Re: [ACTION-160] (related to [ACTION-135] too) Summarize specialRequirements

Hi Yves, all,

2012/7/6 Yves Savourel <ysavourel@enlaso.com>

> Hi Felix, all,
>
> > Here is ACTION-159 about this. First an
> > example in Schematron about display length.
> >
> > <schema xmlns="http://purl.oclc.org/dsdl/schematron">
> > ...
> >
> > I think the counterPart as a global rule would be
> > <itsx:lengthConstraintRule select="//gui" length="100"/>
> >
> > For both implementations, you will need an XPath processor.
> > ...
> > As Yves pointed out, once the content is taken out
> > of the original file and then part of XLIFF, checking
> > against the XML Schema constraint doesn't work
> > anymore since the XLIFF schema doesn't know about
> > the constraint.
> > For Schematron I think this is different, since you
> > can apply the schema easily to many contexts,
> > by just modifying the "rule" element
> > <rule context="gui | trans-unit">
>
> Thanks for the example.
>
> I think the Schematron approach is fine in few cases. But it has
> shortcomings, for example:
>
> - It mixes executing the check with storing the info to check.

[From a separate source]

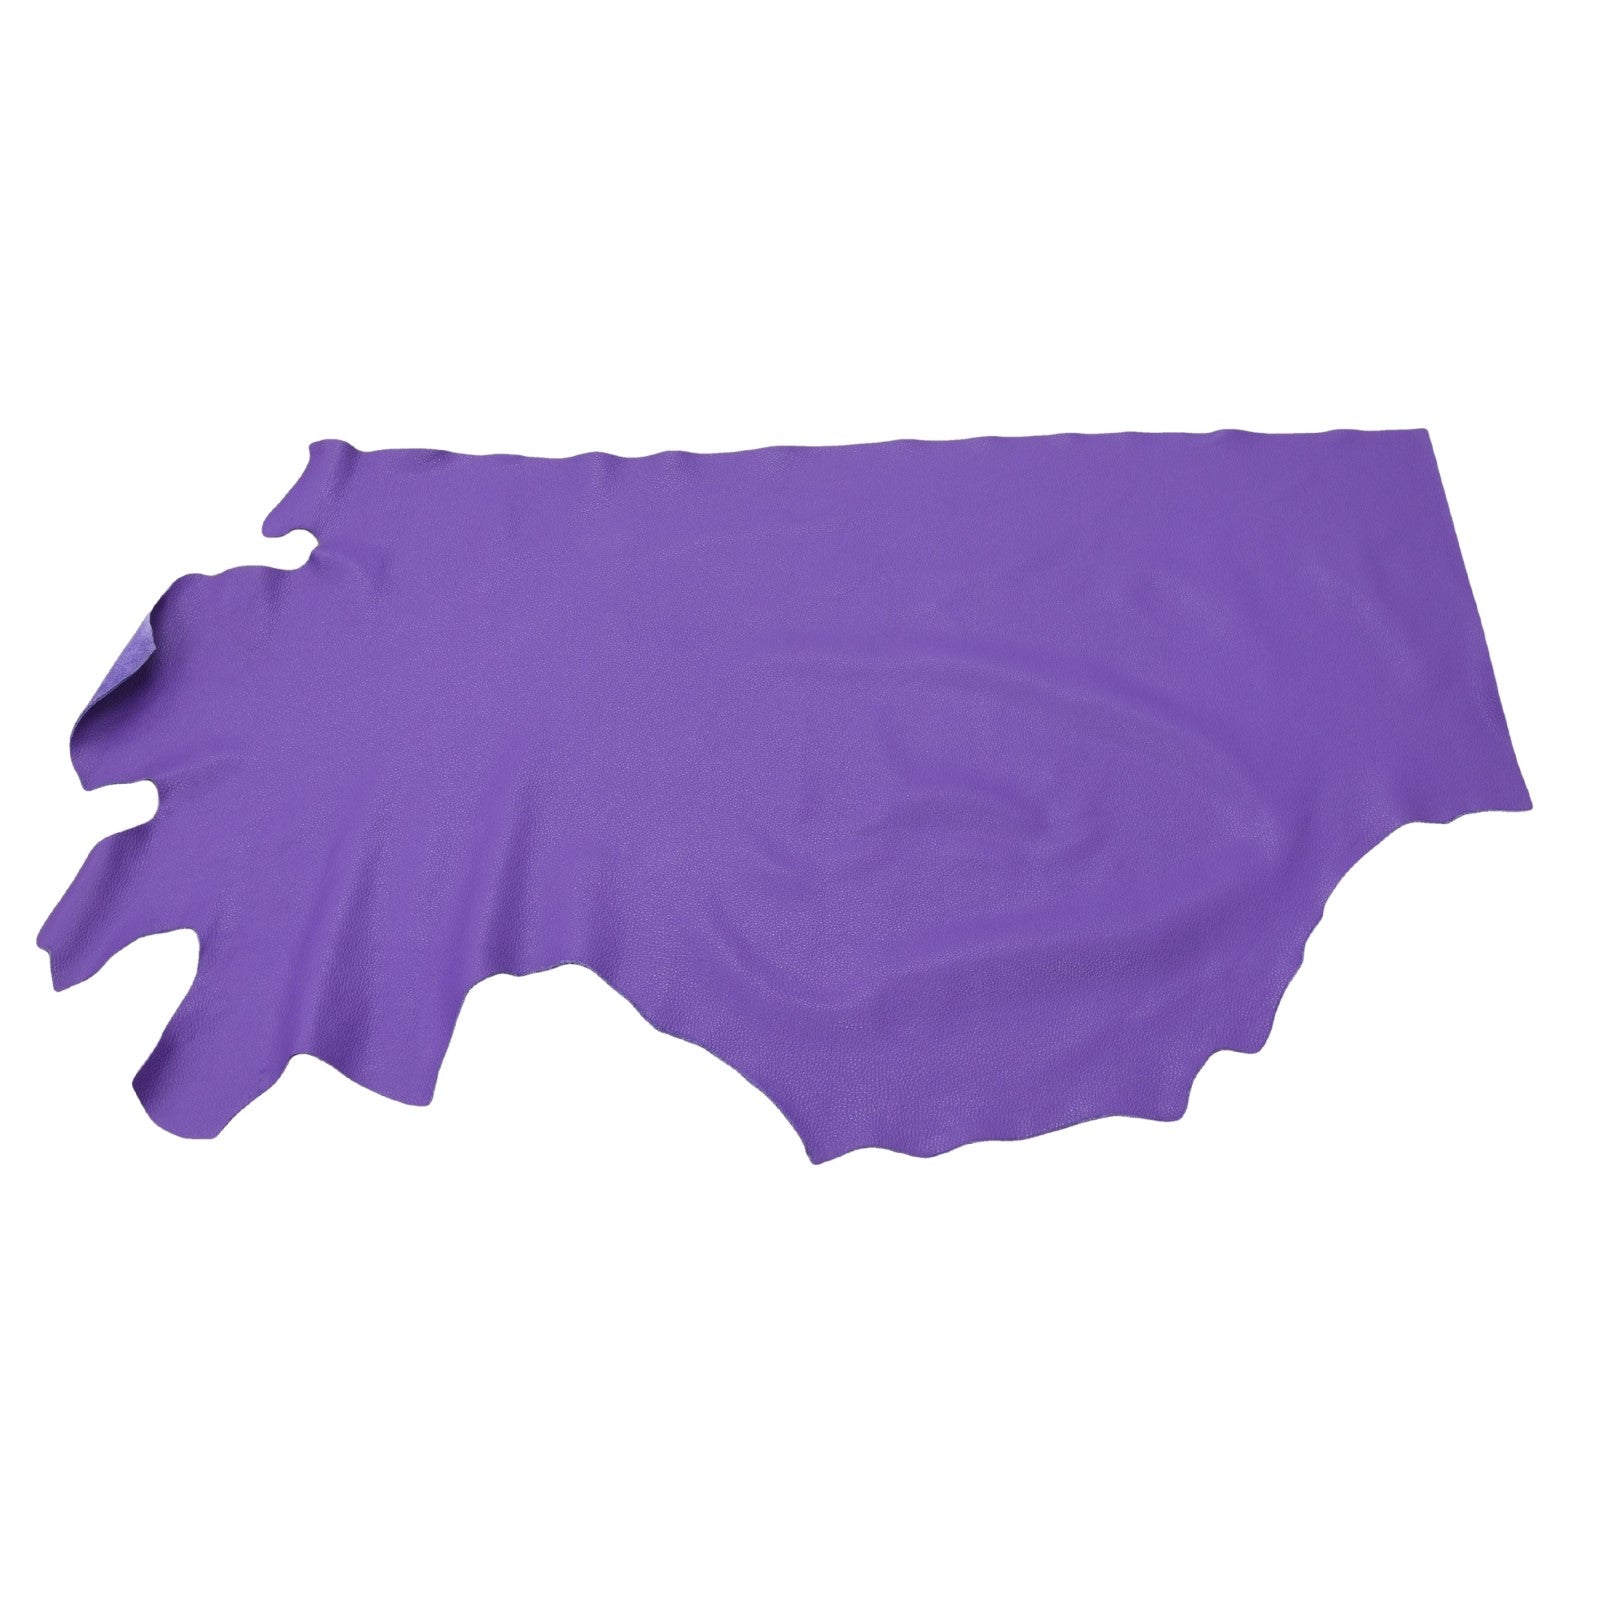 Viking Skol Purple Tried n True 3-4 oz Leather Cow Hides, Bottom Piece / 6.5-7.5 Sq Ft | The Leather Guy

Separating
> the max-size info from the text is cumbersome.
>

No need to separate the check from the file - you can add a link to a
schematron file from the file to be checked, just like with ITS linked
global rules.


>
> - It works with XML only. Interactive checks are more efficient than batch
> process for this (checks as you type the translation), and that happens in
> tools not on XML files.
>

Isn't it the case for all data categories in ITS 1.0 and 2.0 that they only
work in a markup world? After all global rules rely on XPath.


>
> One could replace Schematron with Perl and write a script that would do
> the same check and could be adapted to more than XML. But I think that's
> not what we are looking for.
>
> The Schematron or XSD approach also don't handle the encoding aspect. If
> the field is in UTF-8 Japanese text will have to count less code-points
> than Slovenian text.
>
> IMO the goal is to provide the information about the maximum size, so it
> can be passed on to whatever system is used to do the
> translation/validation.
>


Mm ... not sure:  assuming you have a global rule like
<itsx:lengthConstraintRule select="//gui" length="100"/>
the system using that rule needs to have at least a pre-process that's in
the HTML5/XML world: it needs to process XPath.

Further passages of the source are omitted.